Holmegaard Glass Factory (Holmegaards Glasværk), founded in 1825, was a Danish company located just outside Næstved at Holmegaards Mose, Fensmark, and one of Denmark's oldest glassworks. In 1985, it merged with the Royal Porcelain Factory, however in 1995 the packaging part – now called Ardagh Glass Holmegaard – was sold to Ardagh Group, while the art part – as the experience center Holmegaard Entertainment – went bankrupt in 2008. In 2008, the Holmegaard brand was purchased by Rosendahl A/S. In 2010, the glassworks were acquired by Sparekassen Faaborg at an auction. In 2020, the place was reopened as a museum named Holmegaard Værk, as part of Museum Sydøstdanmark. The company is known for its high-quality products of Danish design.

== History ==
Holmegaard Glass Factory is located in the town of Fensmark, in the former municipality of Holmegaard. The company was founded in 1823 after Count Christian Conrad Sophus Danneskiold-Samsøe petitioned the Danish king for permission to build a glass factory at Holmegaards Mose (lit. 'Holmegaards Bog'). He died before permission was granted. But after his death when permission was finally received his widow, Countess Henriette Danneskiold-Samsøe pursued the project, and the factory began producing green bottles in 1825, moving on to table-glass within its first decade.

In 1847, Kastrup Glasværk was established by the son of the founders of Holmegaard, Christian Conrad Sophus Danneskiold-Samsøe (1800-1886). It was sold in 1873.

Much of its early work was derivative and inconsequential, but between the 1930s and the 1980s, its fortunes were transformed by the designs of Jacob E. Bang (1899–1965) and Per Lütken (1916–1998). Holmegaard began having artistic directors in the 1920s (unlike other Danish glassworks which did so in the 1950s), with Orla Juul Nielsen being the first in 1924 – the result of a short-term collaboration with the Royal Porcelain Factory. Jacob E. Bang was appointed artistic director in 1928, followed by Per Lütken in 1942.

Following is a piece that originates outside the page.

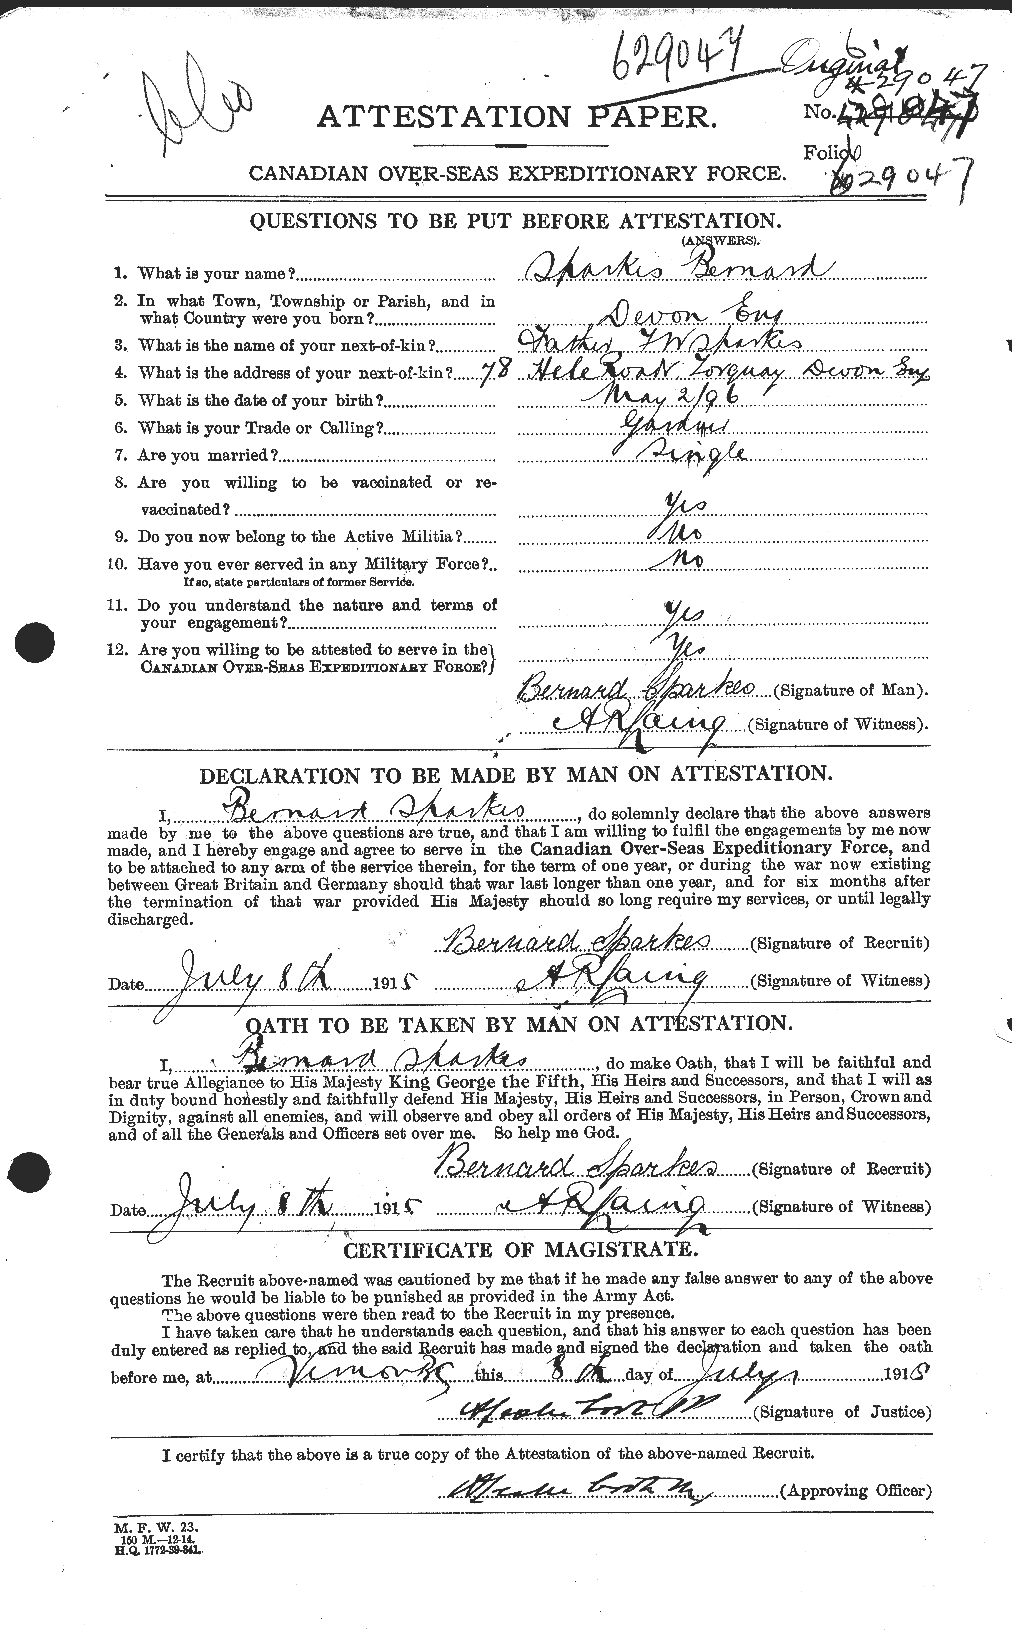 Personnel Records of the First World War - CEF 622271a

=== The Lütken era (1942–1998) ===
Danish glassmaker Per Lütken worked as artistic director at Holmegaard from 1942 until his death in 1998, creating some of the factory's finest pieces and all-time classics, such as the "Ideelle" (ideal) series, the "Skibsglas" (ship glass) and the "Provence" bowls. The work of Per Lütken is still highly regarded, especially throughout Scandinavia, and in Denmark and Sweden in particular. The arrival of Lütken at Holmegaard marked a new beginning in the factory's history, which once again bloomed after several years of suffering. His aesthetic creations, in timeless designs, appealed to the fashion of 1960s Denmark, and his creations became a commercial success throughout the decade and the 1970s.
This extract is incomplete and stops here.